→ Records for the exercise:
==========

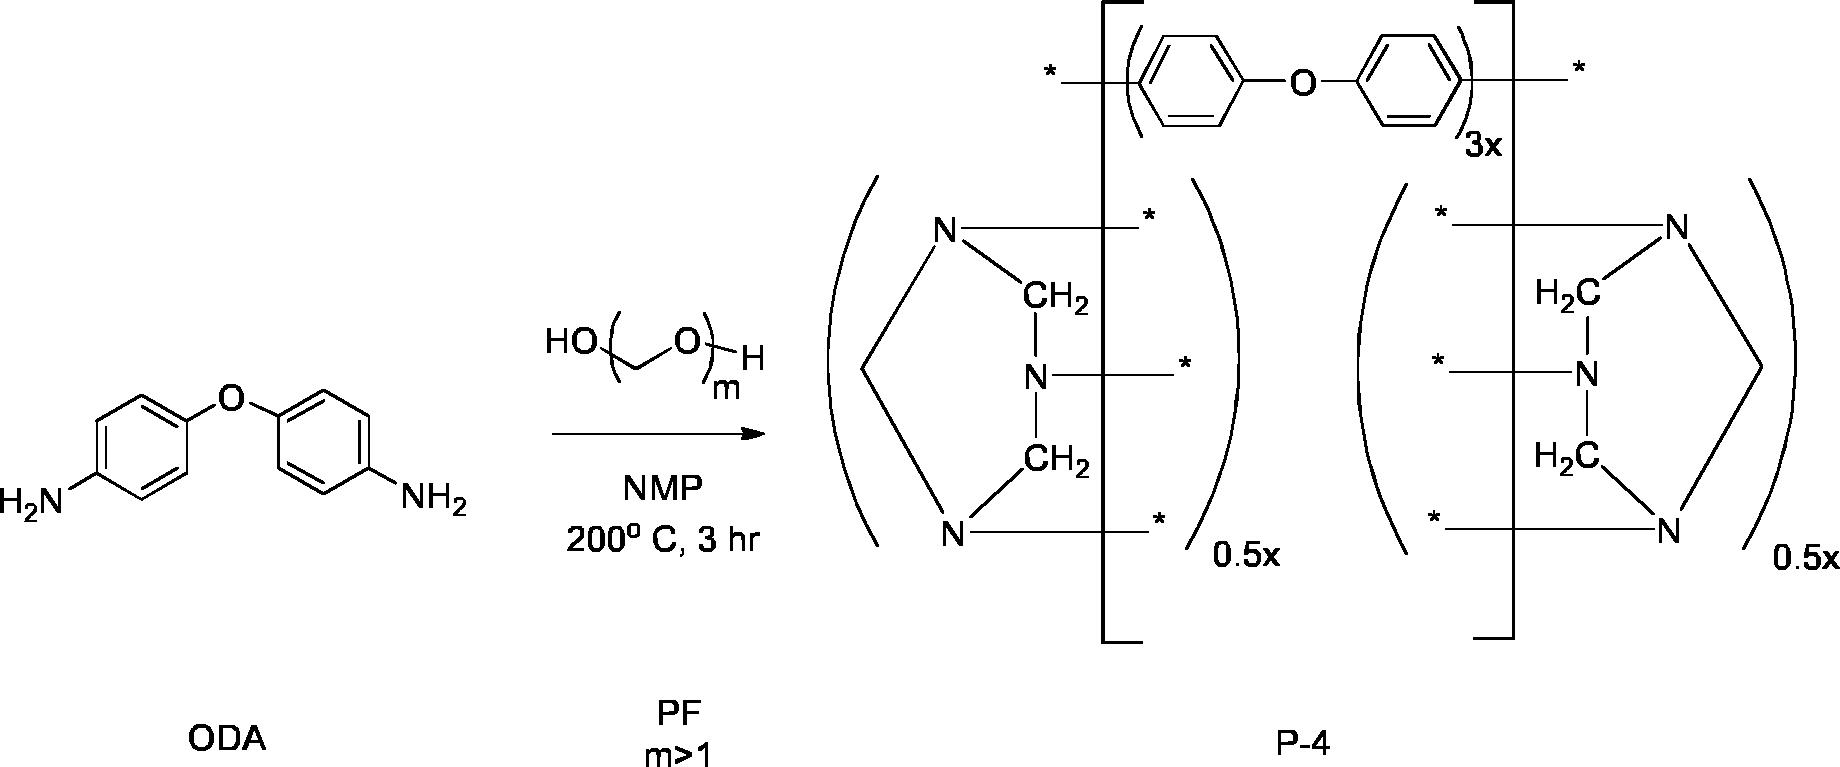 Figure DE112014004152T5_0029
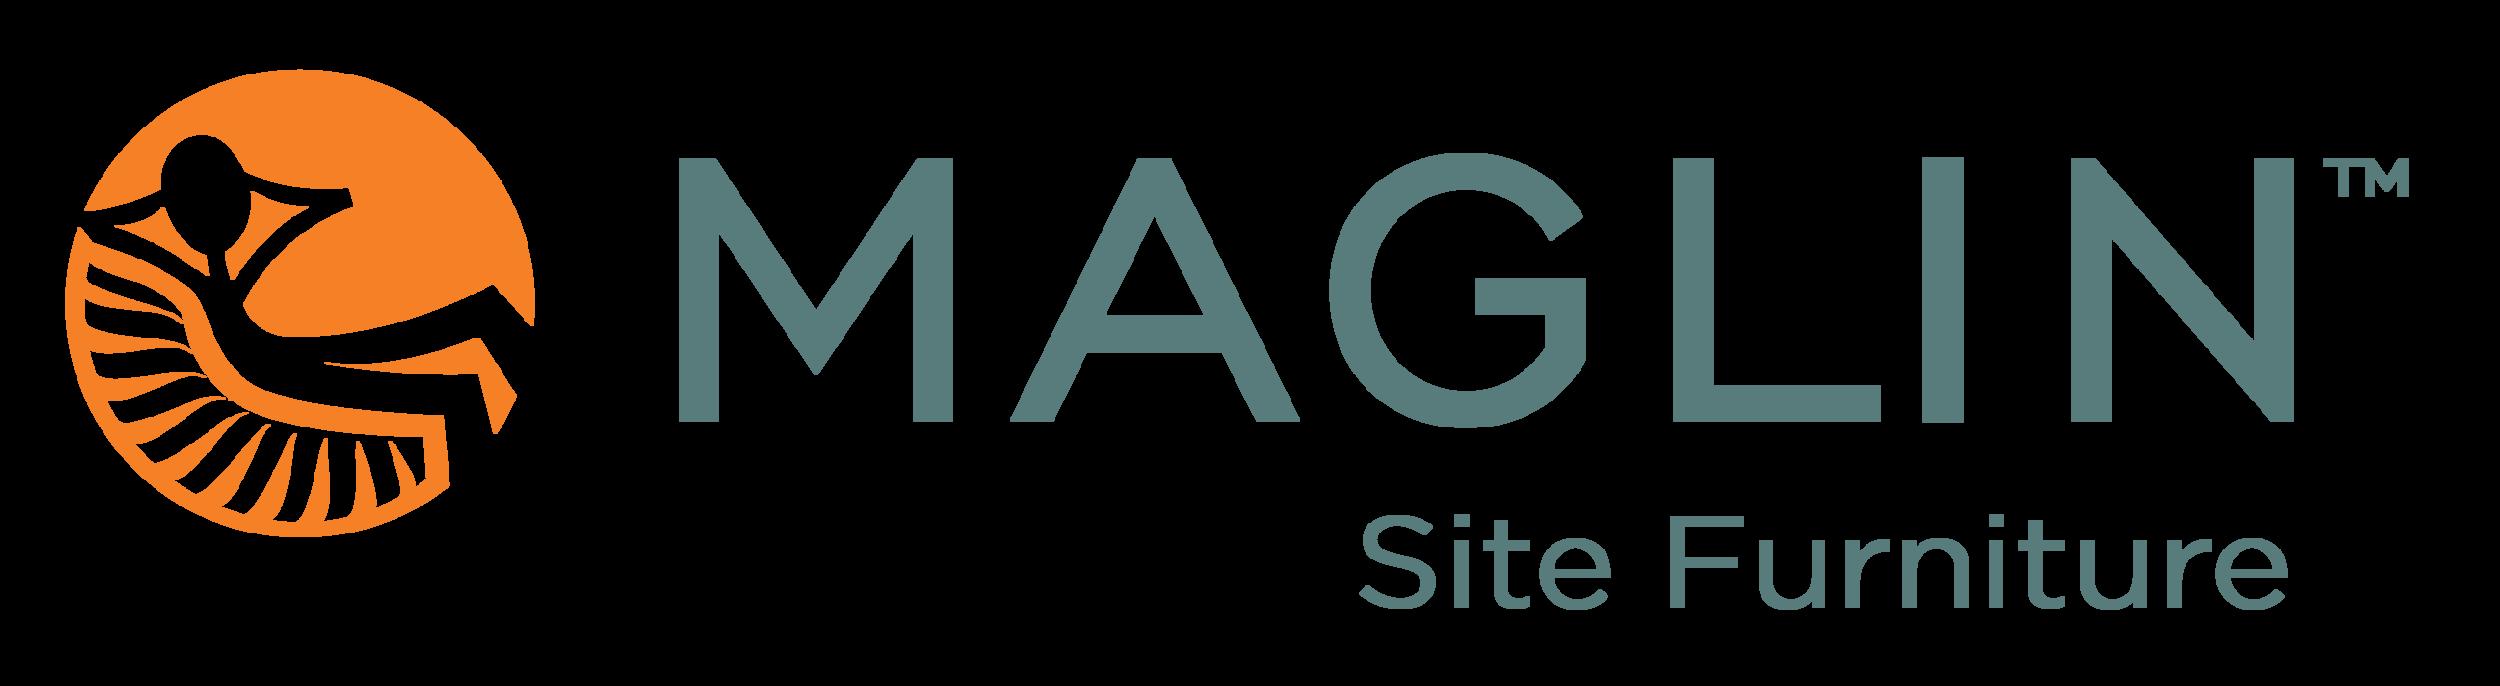 MaglinSiteFurniture_Logo.png
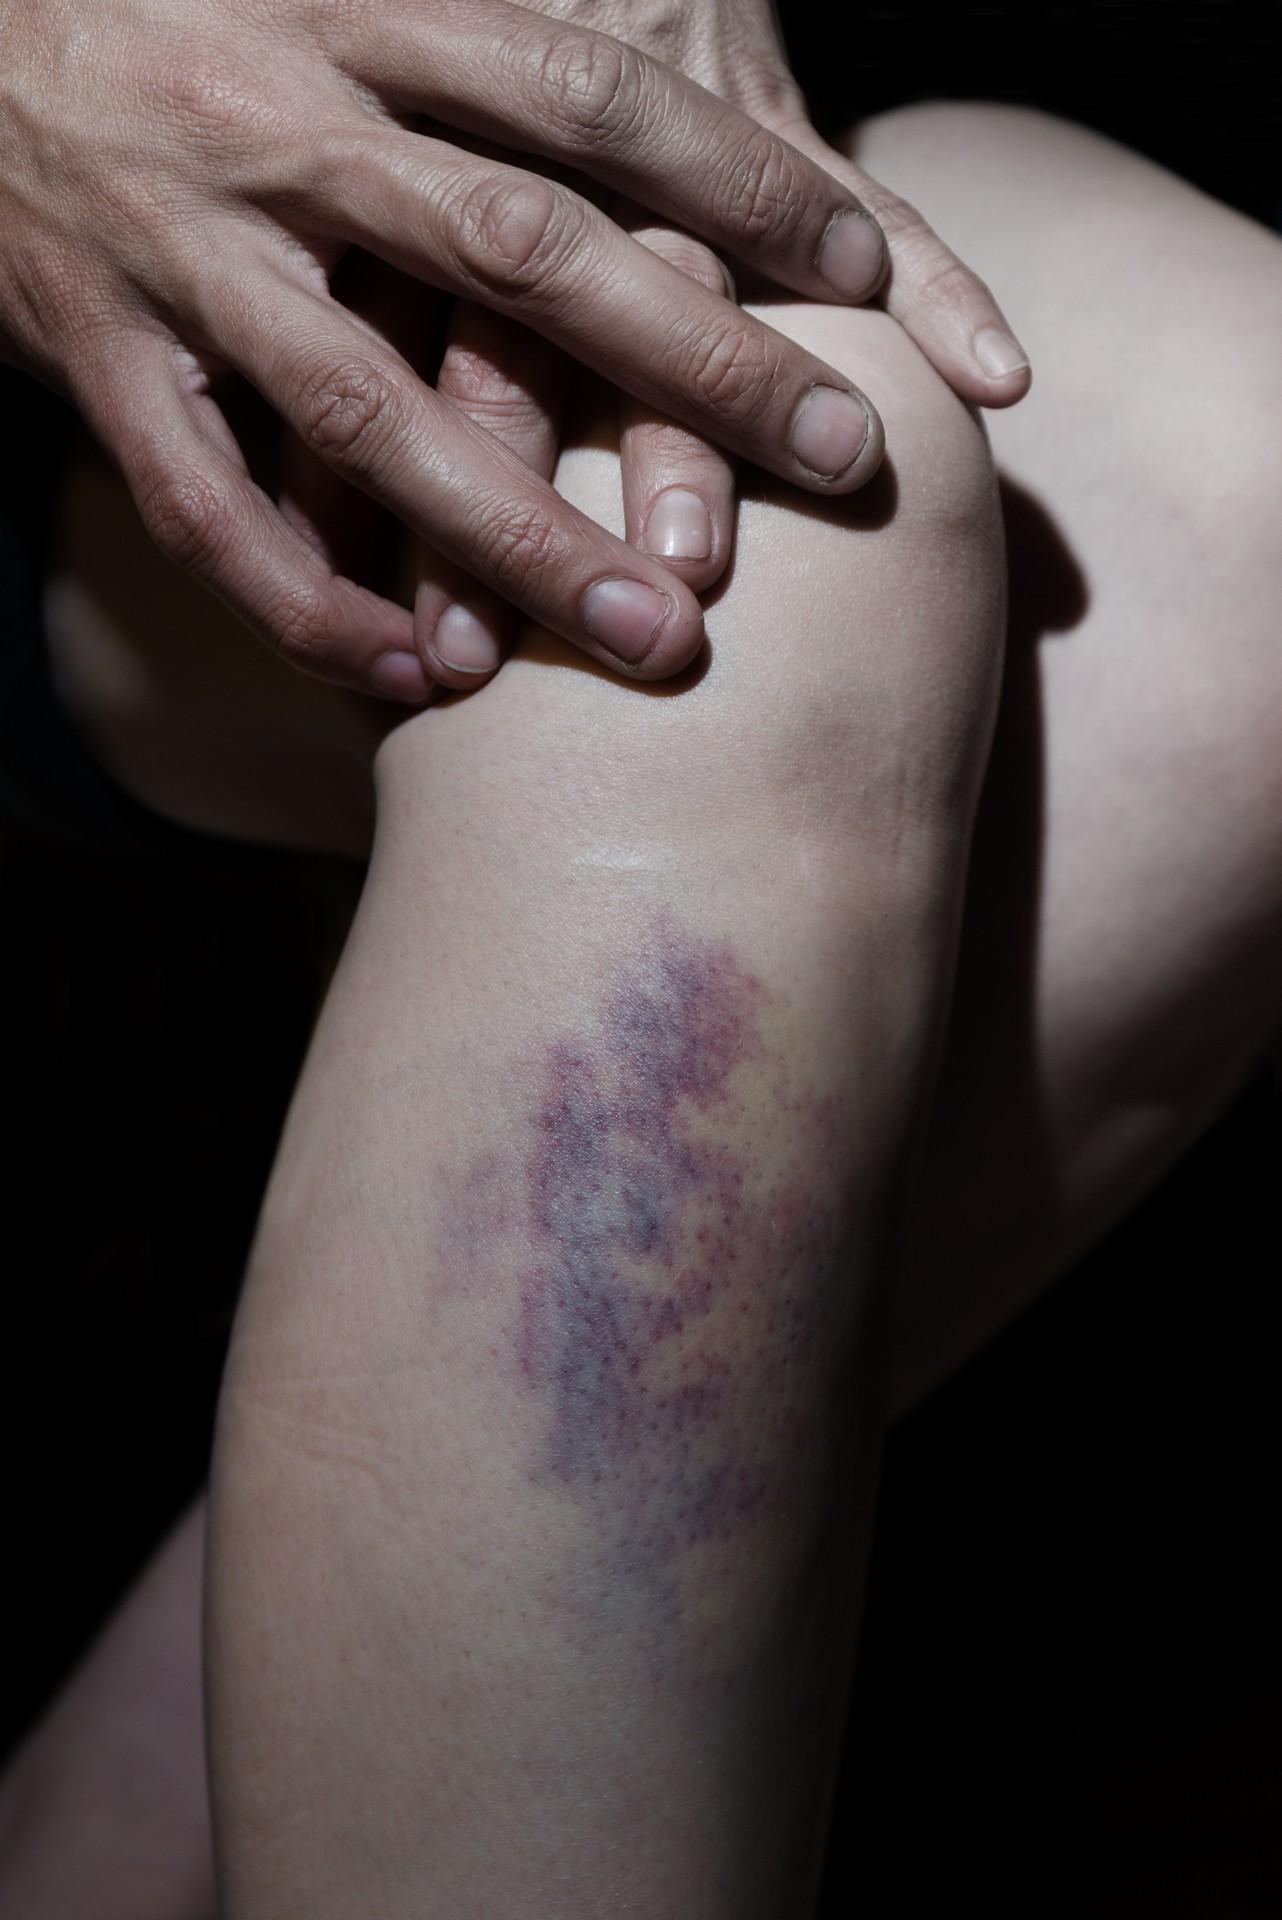 Fotó: Koleszár Adél: Rendőri verés, részlet Az erőszak sebei című sorozatból
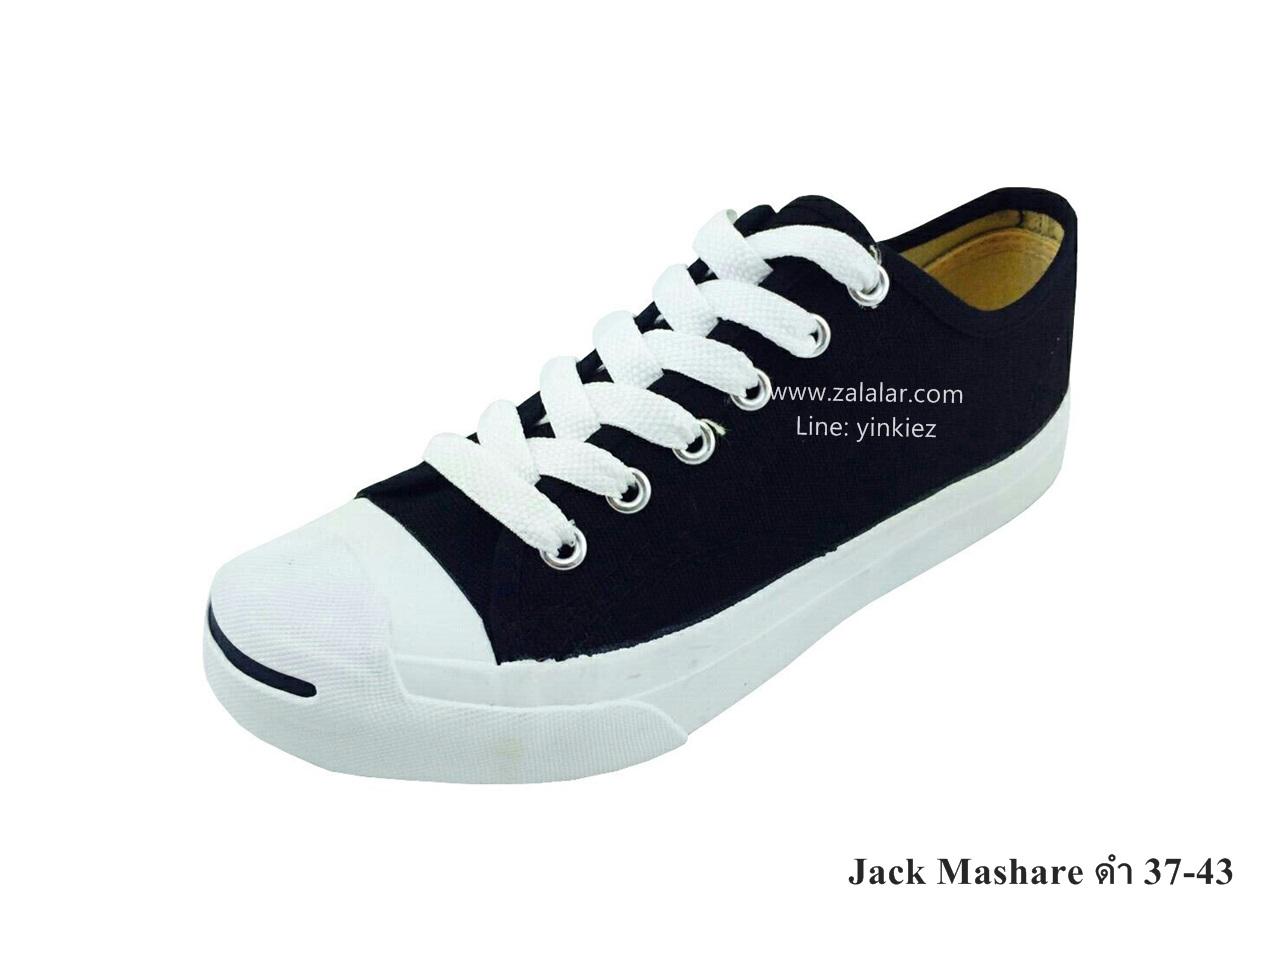 [พร้อมส่ง] รองเท้าผ้าใบแฟชั่น รุ่น Jack Mashare สีดำ
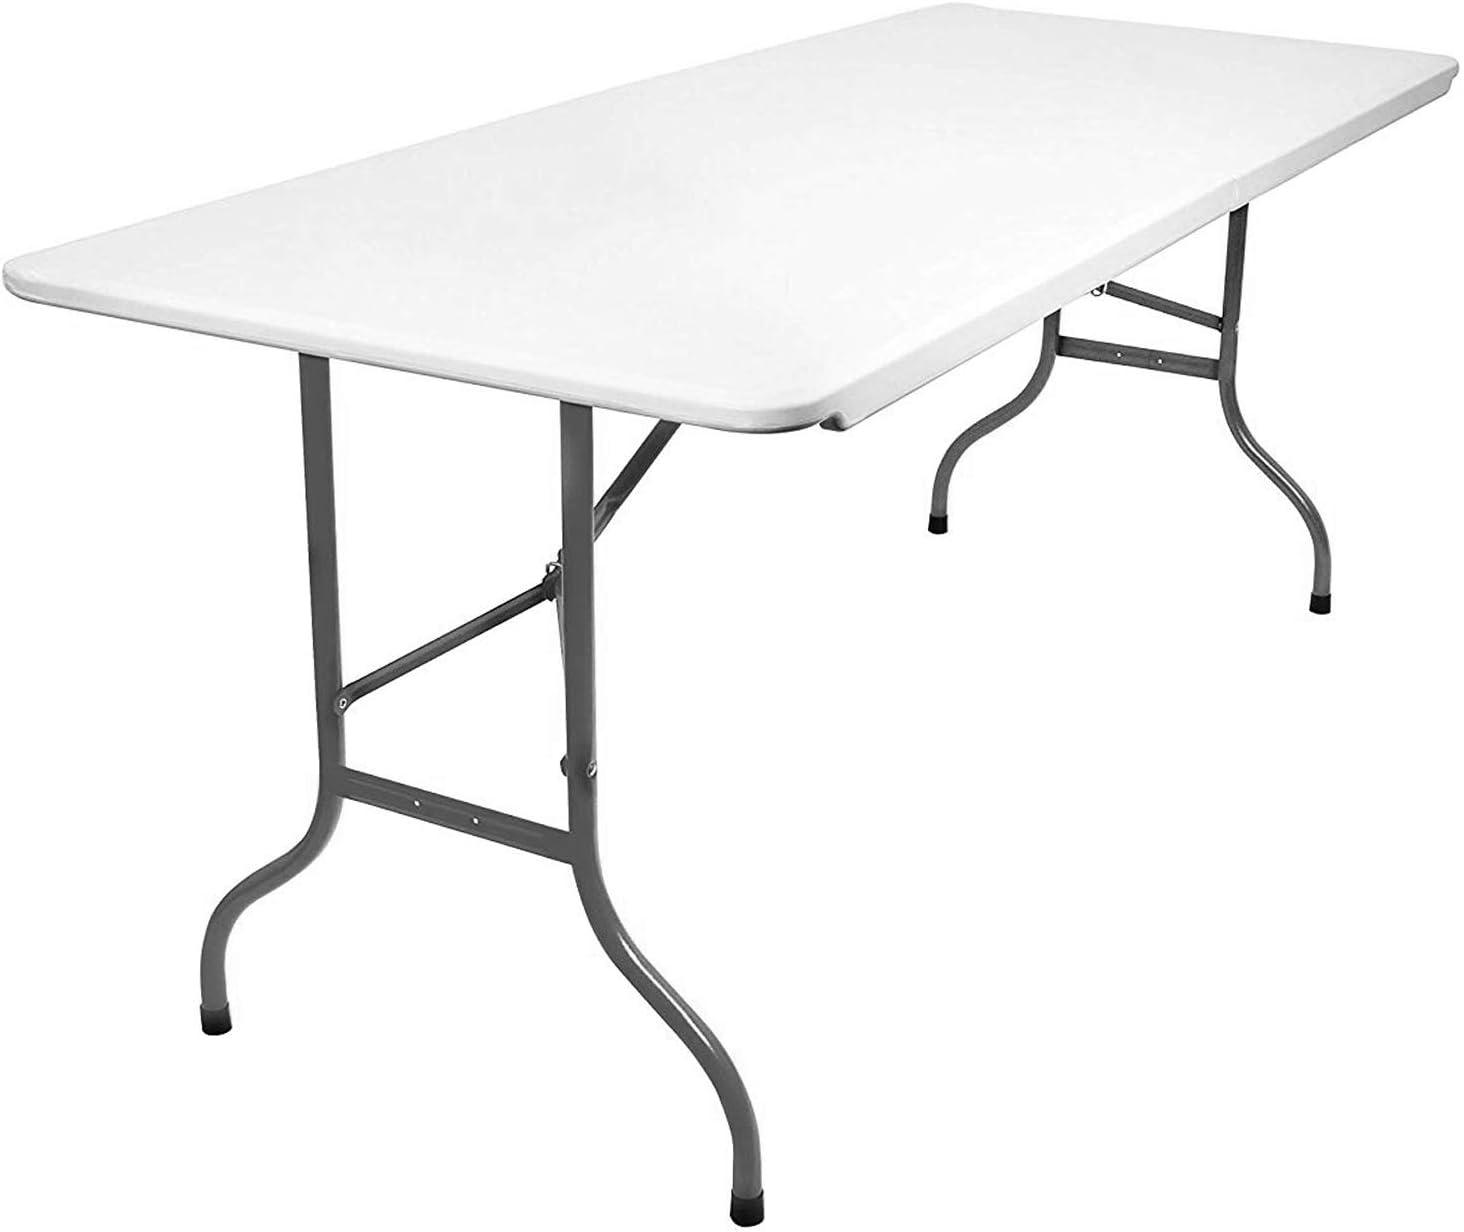 Weißer klappbarer Tisch mit Husse Gartentisch Klapptisch Campingtisch 180 x 75cm

==========

Nothing but the lines from the one containing "Fotó: Koleszár Adél: Rendőri" through the last line of the records above should appear, each repeated exactly, with no pictures.

→ Solution for this problem:
 Fotó: Koleszár Adél: Rendőri verés, részlet Az erőszak sebei című sorozatból
 [พร้อมส่ง] รองเท้าผ้าใบแฟชั่น รุ่น Jack Mashare สีดำ
 Weißer klappbarer Tisch mit Husse Gartentisch Klapptisch Campingtisch 180 x 75cm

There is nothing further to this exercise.